Reading Room
Aspects of the Treatment of
Multiple Personality Disorder
by Richard P. Kluft, M.D.
page 2
Switching and battles for
dominance can create an apparently unending series of crises.
The Instability Of The MPD Patient
An individual suffering MPD has certain inherent vulnerabilities. The very
presence of alters precludes the possibility of an ongoing unified and
available observing ego and disrupts autonomous ego activities such as memory
and skills. Therapeutic activity with one personality may not impact on others.
The patient may be unable to address pressing concerns when some personalities
maintain they are not involved, others have knowledge which would be helpful
but are inaccessible, and still others regard the misfortunes of the other
alters to be to their advantage.
A therapeutic split between the observing and experiencing ego, so crucial
to insight therapy, may not be possible. Cut off from full memory and pensive
self-observation, alters remain prone to react in their specialized patterns.

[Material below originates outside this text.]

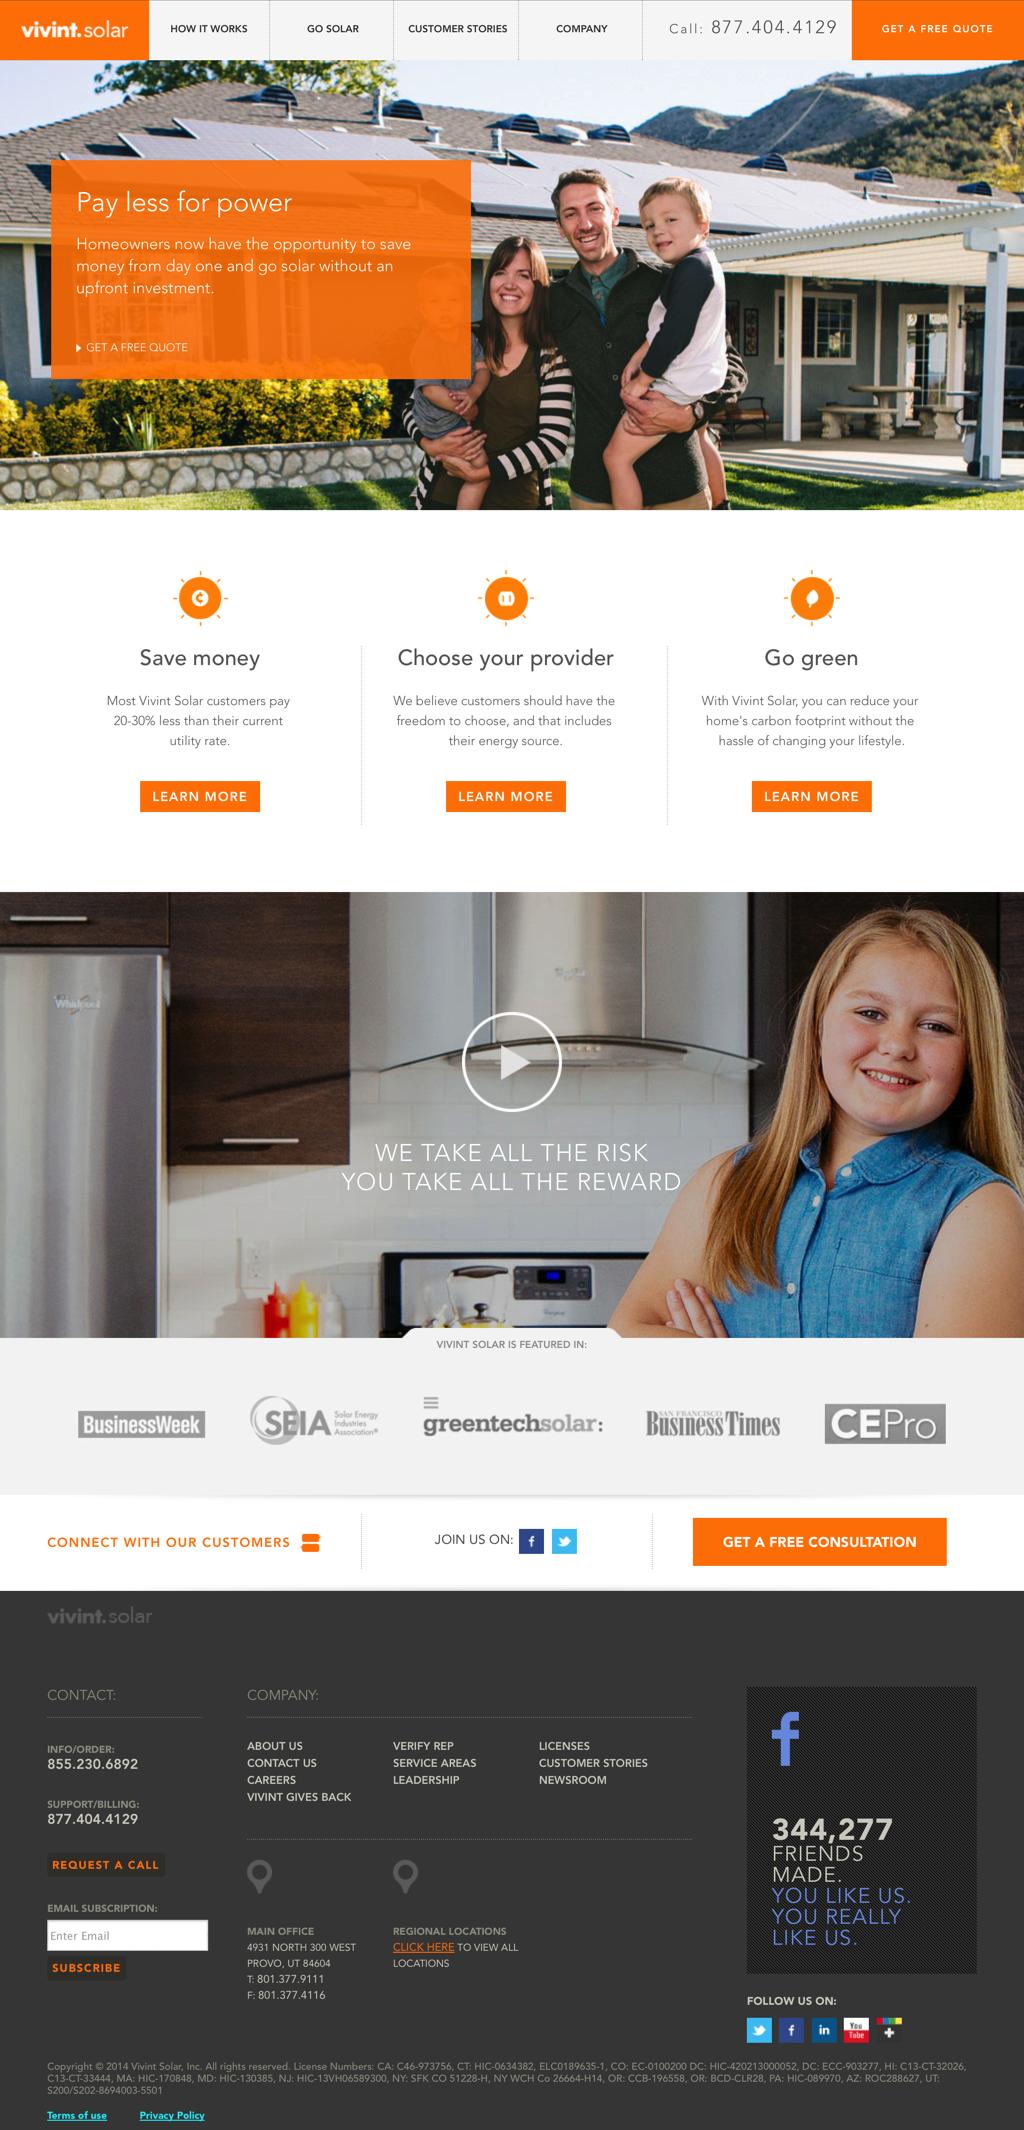 vivint solar review 2017 consumeraffairs page 2 vivint solar homepage

Since action is often followed by switching, they find it difficult to learn
from experience. Change via insight may be a late development, following a
substantial erosion of dissociative defenses.
The activities of the personalities may compromise the patients' access to
support systems. Their inconsistent and disruptive behaviors, their memory
problems and switching, can make them appear to be unreliable, or even liars.

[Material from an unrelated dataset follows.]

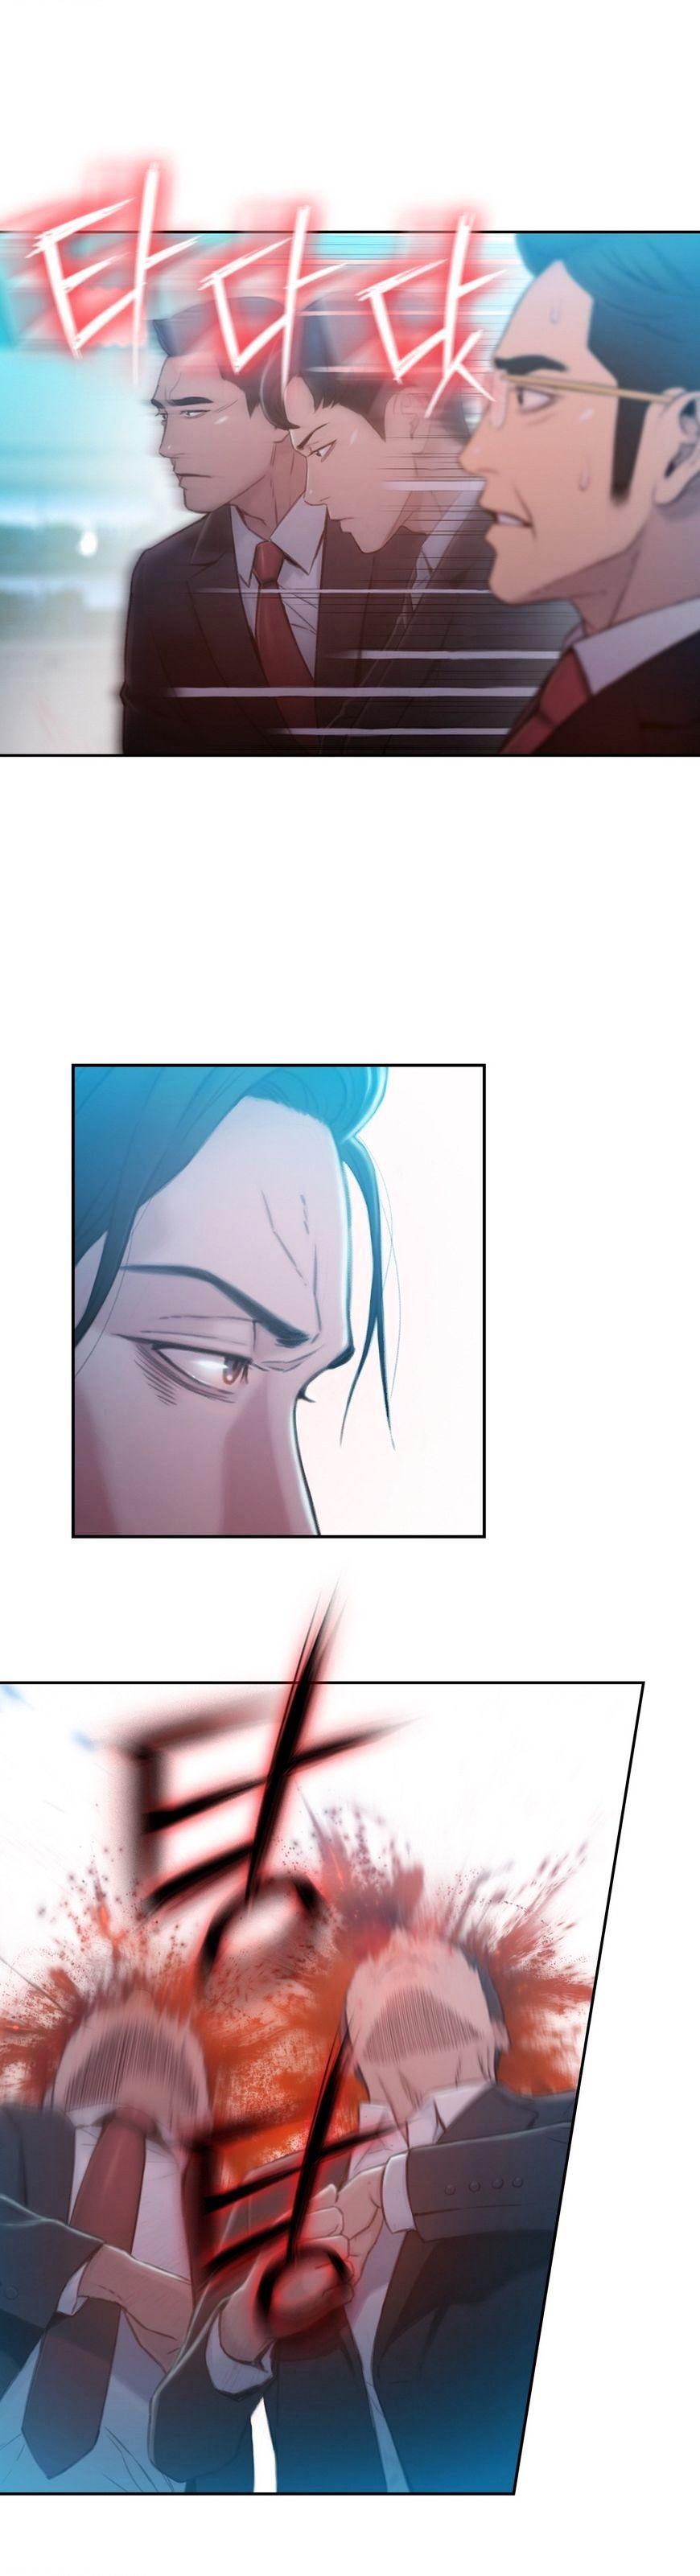 Sweet Guy Chapter 73 Full Manga Read Scan Image 15

Concerned others may withdraw. Also, traumatizing families who learn that the
patient is revealing long-hidden secrets may openly reject the patient during
therapy.
Switching and battles for dominance can create an apparently unending series
of crises. Patients resume awareness in strange places and circumstances for
which they cannot account. Alters may try to punish or coerce one another,
especially during treatment. For example, one commonly finds personalities
which identified with the aggressor-traumatizer and try to punish or suppress
personalities which reveal information or cooperate with therapy. Conflicts
among alters can lead to a wide variety of quasi-psychotic symptomatology.
Ellenberger8 observed that cases of MPD dominated by
battles between alters were analogous to what was called "lucid
possession." Unfortunately, emphasis on the phenomena of amnesia in MPD
has led to underrecognition of this type of manifestation. The author has
described the prevalence of special hallucinations, passive influence
phenomena, and "made" feelings, thoughts, and actions in MPD.
9 As amnestic barriers are broached, such episodes may
increase, so that positive progress in therapy may be accompanied by
symptomatic worsening and severe dysphoria.
An analogous situation prevails when memories come forward as distressing
hallucinations, nightmares, or actions. It is difficult to conserve of a more
demanding and painful treatment. Long-standing repressions must be undone, the
highly efficient defenses of dissociation and switching must be abandoned, and
less pathological mechanisms developed. Also, the alters, in order to allow
fusion/integration to occur, must give up their narcissistic investments in
their identities, concede their convictions of separateness, and abandon
aspirations for dominance and total control. They must also empathize,
compromise, identify, and ultimately coalesce with personalities they had long
avoided, opposed, and reflected.
Adding to the above is the pressure of severe moral masochistic and
self-destructive trends. Some crises are provoked; others, once underway, are
allowed to persist for self-punitive reasons.